- [Directions for this task]: Please repeat exactly the lines below from the line with "How To Write A Eulogy For A Soldier" to the line with "Fall in love", including both, and leave out every picture.

- [Data excerpts]:

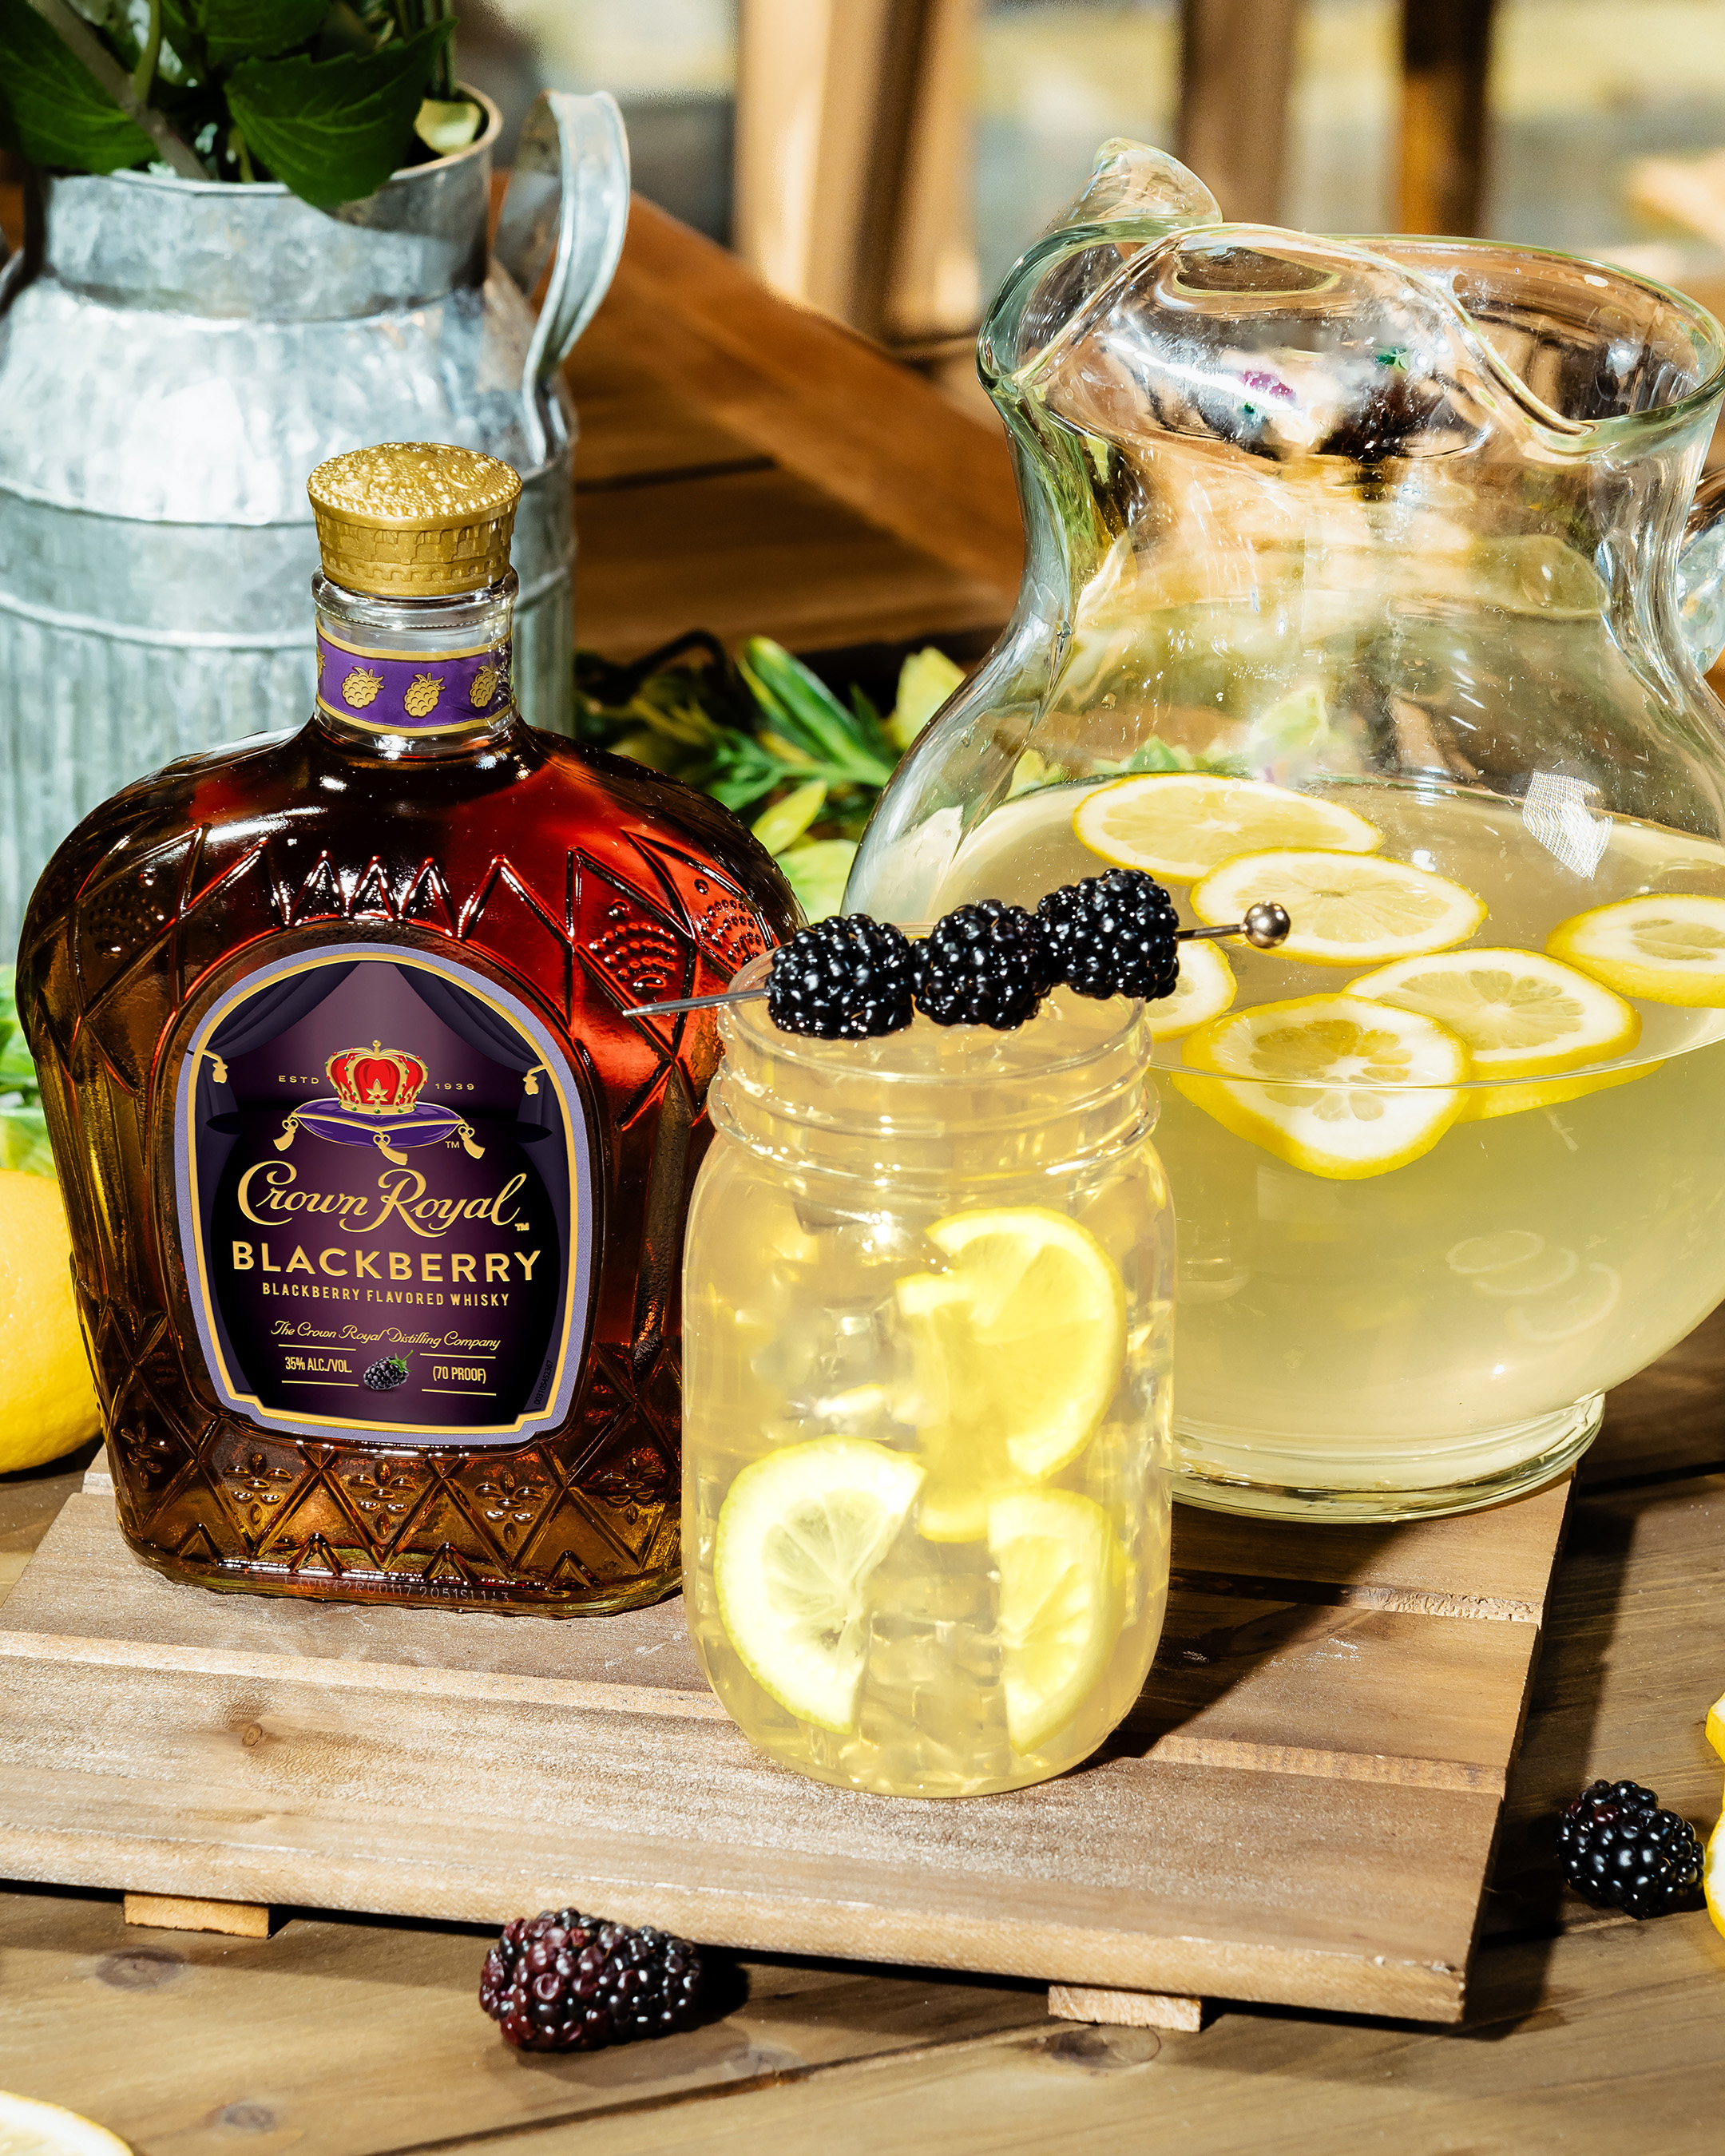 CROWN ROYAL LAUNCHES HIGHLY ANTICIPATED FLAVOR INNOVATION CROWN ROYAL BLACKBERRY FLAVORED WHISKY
* * *
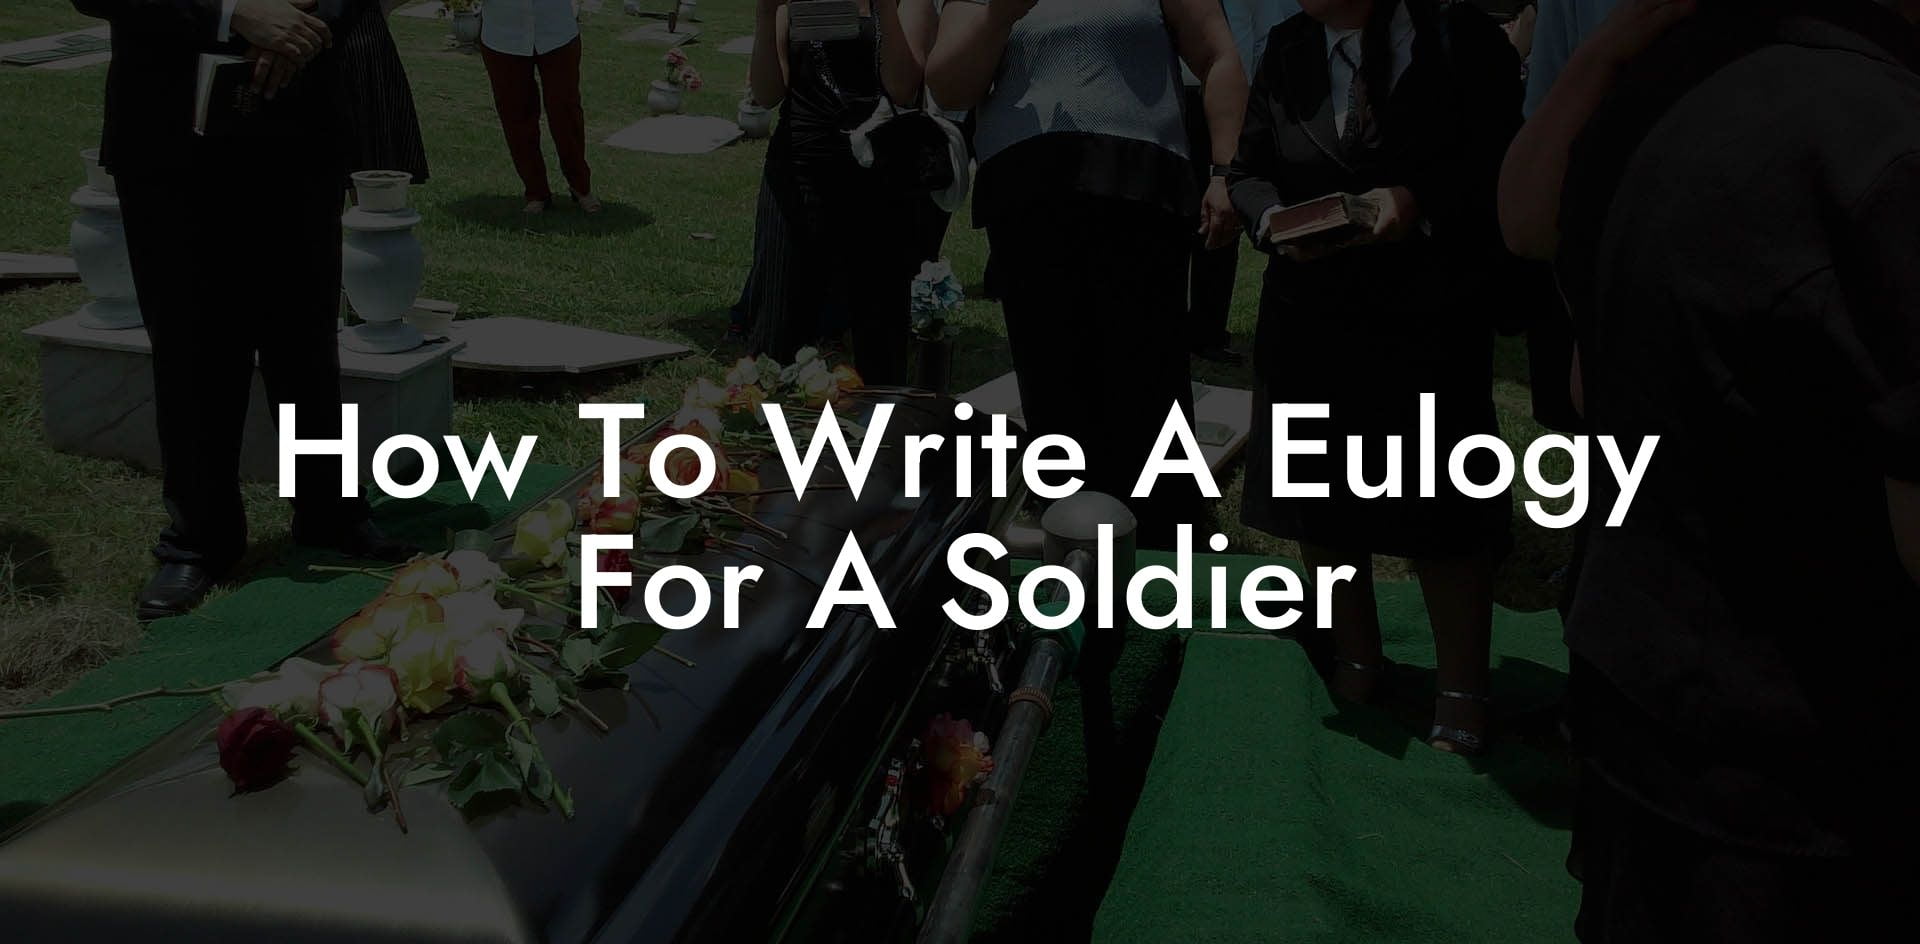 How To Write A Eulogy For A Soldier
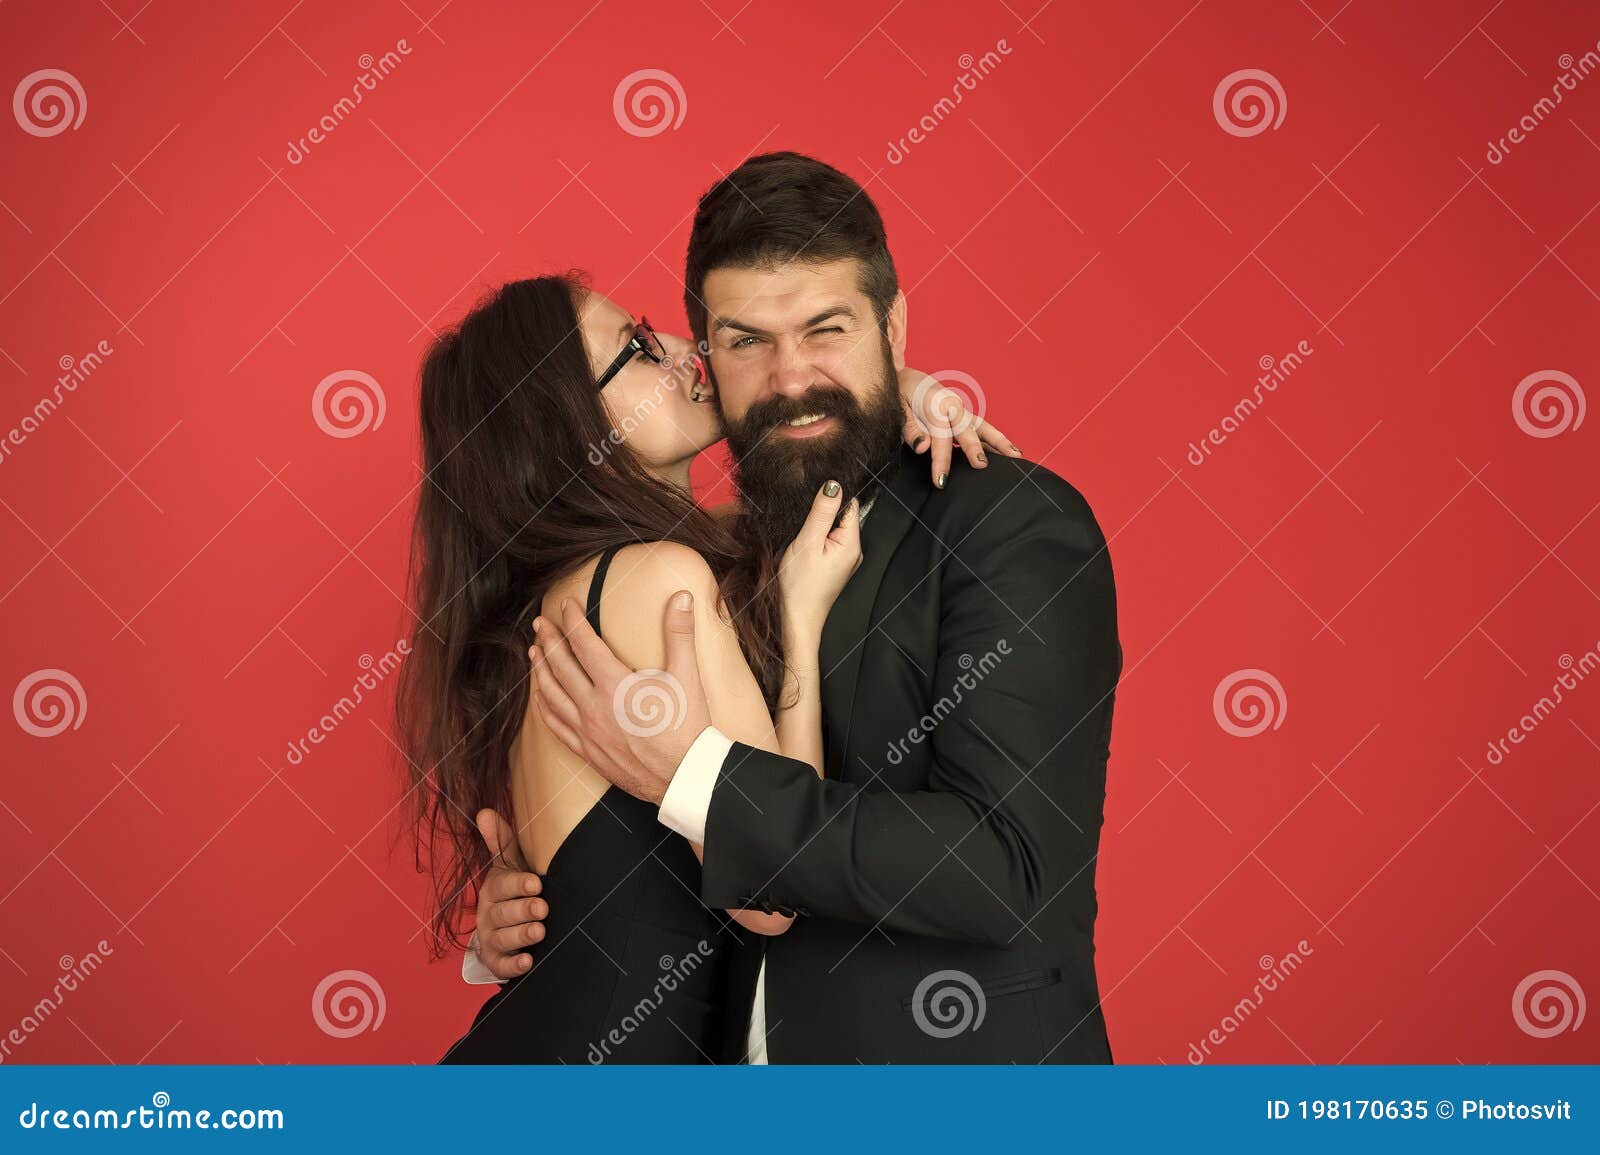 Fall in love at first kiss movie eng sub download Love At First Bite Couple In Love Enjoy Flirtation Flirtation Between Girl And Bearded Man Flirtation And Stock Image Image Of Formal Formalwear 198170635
==
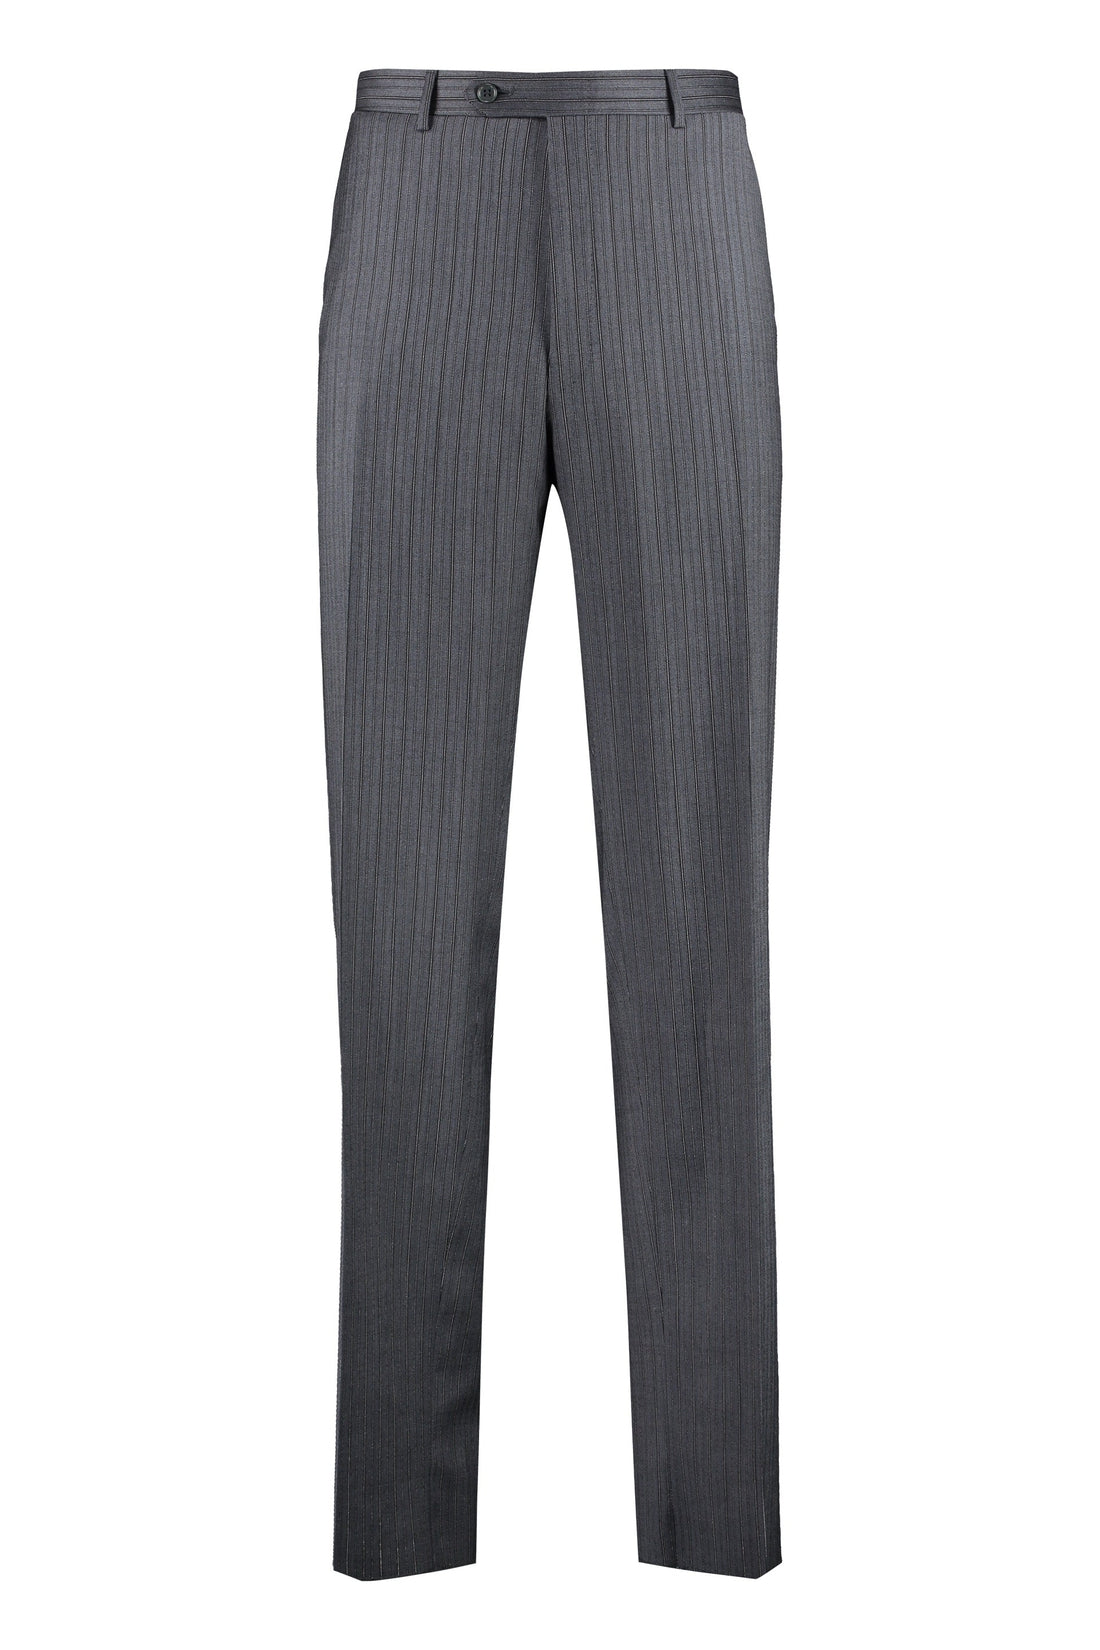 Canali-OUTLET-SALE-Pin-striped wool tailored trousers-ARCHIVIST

- [Written solution]:
 How To Write A Eulogy For A Soldier
 Fall in love at first kiss movie eng sub download Love At First Bite Couple In Love Enjoy Flirtation Flirtation Between Girl And Bearded Man Flirtation And Stock Image Image Of Formal Formalwear 198170635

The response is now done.